For keyless signing using Sigstore’s Fulcio CA (appropriate for GitHub Actions OIDC flows):

# Build job: keyless sign using OIDC identity
cosign sign-blob \
  --oidc-issuer https://token.actions.githubusercontent.com \
  --output-certificate artifact.pem \
  --output-signature artifact.sig \
  myapp-1.2.3.tar.gz
# Deploy job: verify against expected OIDC identity (repository, not just issuer)
cosign verify-blob \
  --certificate-identity "https://github.com/myorg/myapp/.github/workflows/build.yml@refs/heads/main" \
  --certificate-oidc-issuer "https://token.actions.githubusercontent.com" \
  --signature artifact.sig \
  --certificate artifact.pem \
  myapp-1.2.3.tar.gz

Specifying --certificate-identity pins the verification to the exact workflow that produced the artifact.
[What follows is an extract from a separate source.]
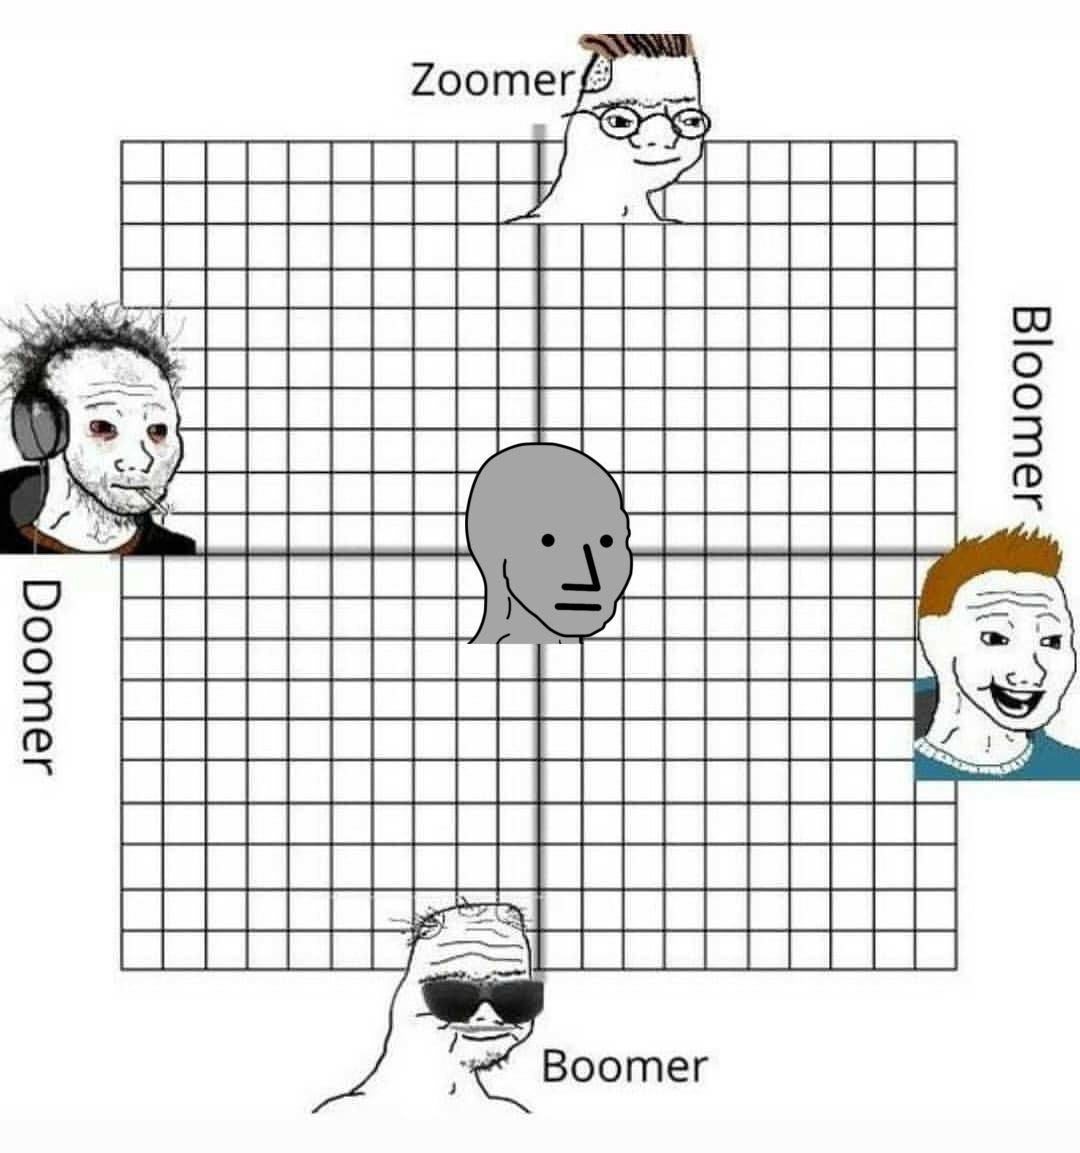 Doomer é um dos termos usados pela Geração Z, que significa estar

Omitting it and relying only on --certificate-oidc-issuer allows any workflow in any repository on GitHub Actions to produce a valid signature — which is not the intended trust boundary.

crane digest and crane copy for Content-Addressed Container Promotion

Container image promotion by re-tagging is a substitution window. The correct tool for content-addressed promotion is crane, which operates on digests throughout:

# Resolve the source tag to a digest immediately after the build job pushes it
SOURCE_DIGEST=$(crane digest myregistry.example.com/myapp:main)
# SOURCE_DIGEST = sha256:abc123...

# Copy by digest to staging registry — crane copy uses the digest internally
crane copy \
  "myregistry.example.com/myapp@${SOURCE_DIGEST}" \
  "staging-registry.example.com/myapp:staging"

# Verify the copied image has the expected digest in staging
STAGING_DIGEST=$(crane digest staging-registry.example.com/myapp:staging)

if [ "${SOURCE_DIGEST}" != "${STAGING_DIGEST}" ]; then
  echo "FATAL: digest mismatch after promotion. Expected ${SOURCE_DIGEST}, got ${STAGING_DIGEST}"
  exit 1
fi

echo "Promotion verified: ${STAGING_DIGEST}"

crane copy preserves the digest when the image is copied between registries with compatible manifest formats. The post-copy digest check is a belt-and-suspenders verification that catches cases where the registry rewrites the manifest (e.g., converting between OCI and Docker v2 formats), which changes the digest.

GitHub Actions: Passing Digests Between Jobs

GitHub Actions jobs run in isolated environments. The naive approach — each job pulls the artifact by tag — reintroduces the substitution window on every job boundary. Pass the digest through job outputs instead:

jobs:
  build:
    runs-on: ubuntu-latest
    outputs:
      image-digest: ${{ steps.push.outputs.digest }}
    steps:
      - name: Build image
        run: docker build -t myregistry.example.com/myapp:main .

      - name: Push image
        id: push
        run: |
          docker push myregistry.example.com/myapp:main
          DIGEST=$(docker inspect --format='{{index .RepoDigests 0}}' myregistry.example.com/myapp:main | cut -d'@' -f2)
          echo "digest=${DIGEST}" >> "$GITHUB_OUTPUT"

      - name: Sign image
        run: |
          cosign sign \
            --key cosign.key \
            "myregistry.example.com/myapp@${{ steps.push.outputs.digest }}"

  test:
    needs: build
    runs-on: ubuntu-latest
    steps:
      - name: Pull by digest (not tag)
        run: |
          docker pull "myregistry.example.com/myapp@${{ needs.build.outputs.image-digest }}"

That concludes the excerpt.